I was happily surprised to see Terry Pratchett's new Discworld novel, Raising Steam, show up this week: I don't recall getting his books for review before, though it's possible Nation or Dodger came directly to me. (Who can remember perfectly clearly the provenance of every book he's read? Only the man who hasn't read enough books.) This is another Moist von Lipwig book -- I wonder if Pratchett still chuckles about that name quietly to himself, or if it's begun to pall even with him -- in which the man of the modern age gets a new responsibility in rapidly-industrializing Discworld, which I believe is that world's first steam railroad. (It's definitely a steam-powered something; that's clear.) The Moist books have been one of the better sub-series of Discworld -- perhaps not as cutting and strong as the Night Watch books, but very close behind -- so all indications are good for this one.

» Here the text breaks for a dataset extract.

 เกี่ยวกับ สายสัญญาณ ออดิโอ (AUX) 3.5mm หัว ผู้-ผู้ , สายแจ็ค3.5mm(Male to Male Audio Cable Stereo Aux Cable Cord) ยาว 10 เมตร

It's a hardcover from Doubleday (on my side of the pond, at least) coming March 18th, with an announced first printing of 200,000.

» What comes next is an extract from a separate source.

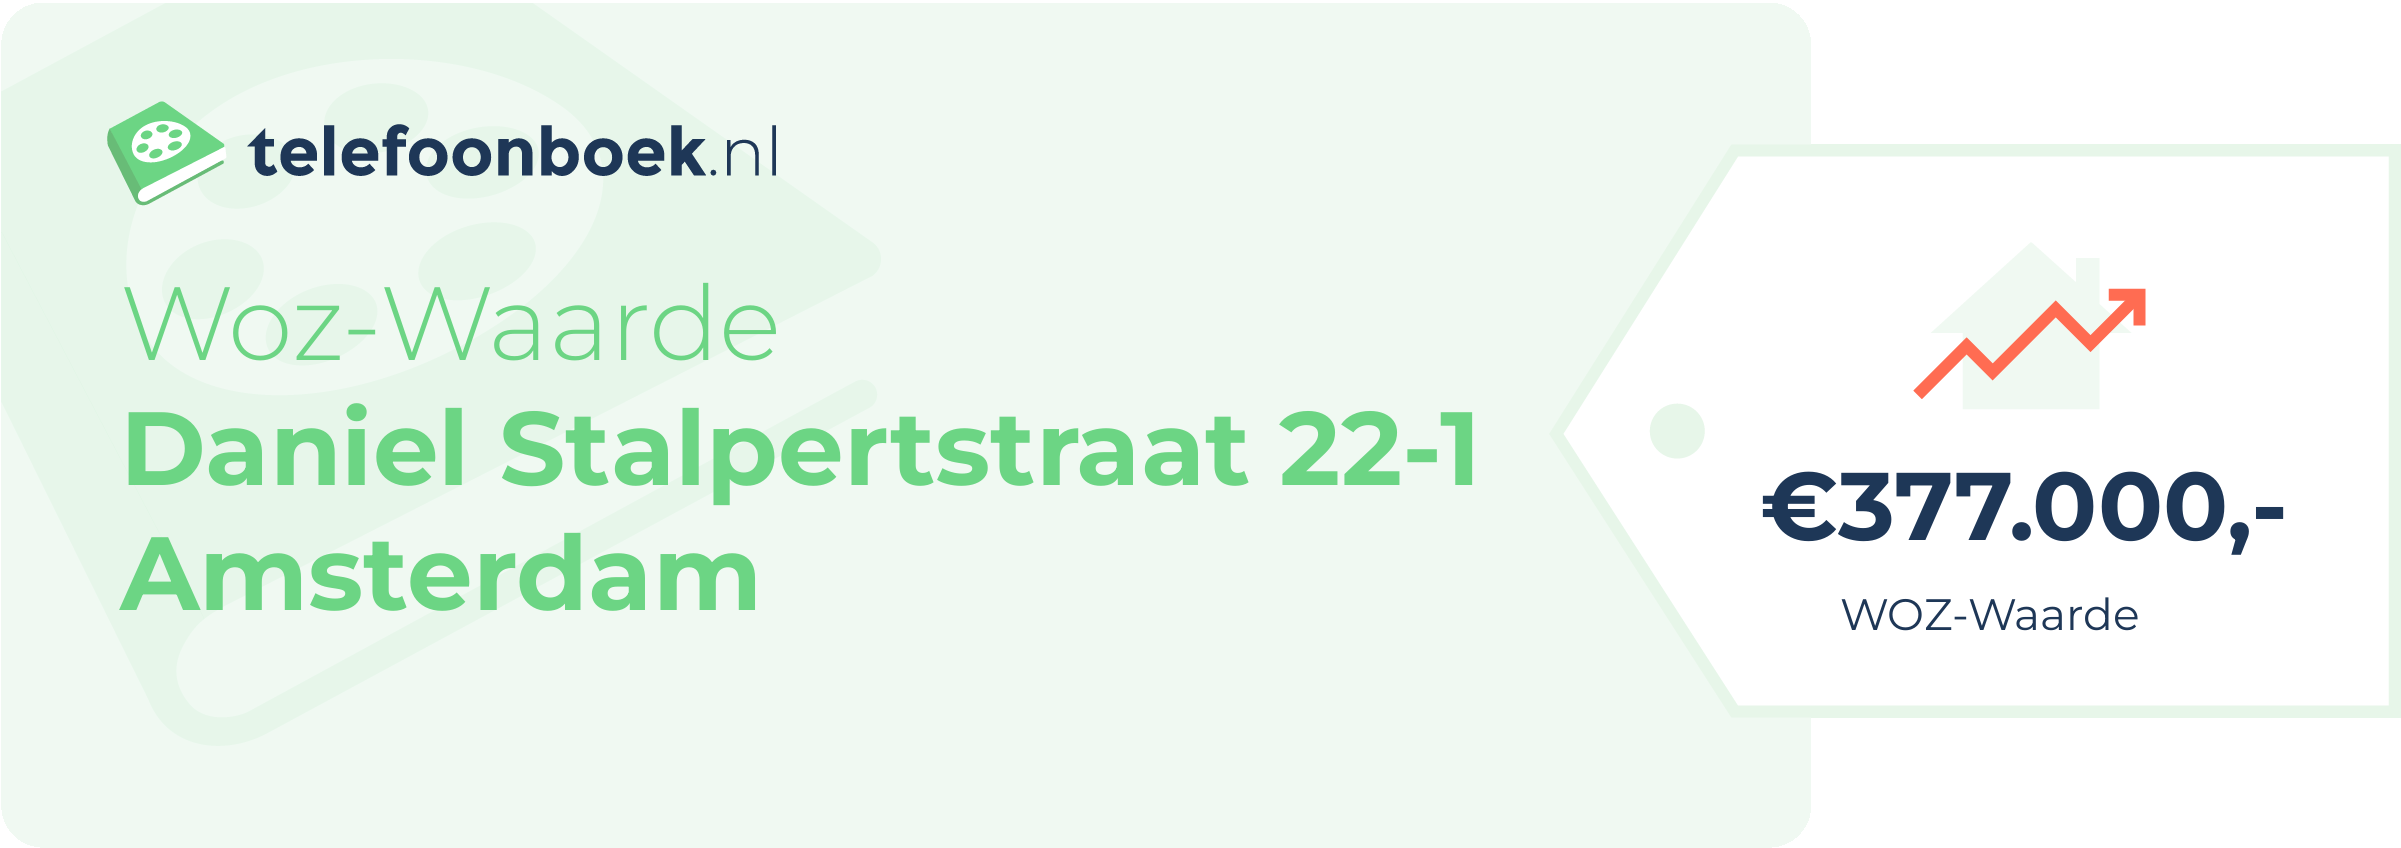 WOZ-waarde Daniel Stalpertstraat 22-1 Amsterdam

Allen Steele's new novel is an alternate history, V-S Day, and yet another novel about how it would be totally awesome if the Conquest of Space happened earlier and more spectacularly than it actually did. (There's a particular large coterie of SF readers and particularly SF writers who find this catnip: the story of the strong-thewed WASPy American thrusting his silvery spaceship into the unknown and making it his own. Most of them are older than me, and I keep hoping the tide will eventually ebb, but it's taking a long time.) In this particular case, it's 1941 and there's a space race between Wernher von Braun for the Nazis and Robert Goddard on the side of good and right. Who! Will! Win! V-S Day is an Ace hardcover, on sale the 4th of February.

David Edison's first novel is The Waking Engine, a Tor hardcover arriving February 11. It's an afterlife fantasy that early quotes compare to China Mieville, set in a universe where the dead awake as versions of themselves on a million worlds, living and dying over again until they reach The City Unspoken, where a true death can be finally found. Or that's how it used to be: now that gateway is unreliable, and the Dying are clogging up that final city. And a newly dead man named Cooper, just awoken from our world after his first death, may be the one who can solve that problem.

Turning to more frivolous things, the latest collection of stories from the Simpsons comics is out from Harper as Simpsons Comics Shake-Up. Like all things Simpsons, it's credited on the cover just to Matt Groening, but it contains comics work by John Costanza, Mike DeCarlo, Ian Boothby, Dan Davis, Phil Ortiz, and many more. It officially hits stores on February 4th.

Also from Harper -- the Harper Design imprint, to be precise -- is Louis Bou's We Are Indie Toys!, a full-color look at the world of artisanal resin toys, hand-crafted in small batches and sold to hipsters everywhere. (Sorry: the h-word just slipped out. Must be that fellow on the cover.) The book covers both the big names in the current scene and details of how to get started designing and making your own resin toys. And it's available everywhere on February 25th.

Last for this week is a memoir in cartoons by longtime New Yorker cartoon editor Bob Mankoff, titled after his most famous cartoon: How About Never--Is Never Good for You? It's full of cartoons by Mankoff and his New Yorker compatriots, with Mankoff's story running around that in prose. How could I resist? It will be a hardcover from Henry Holt in March.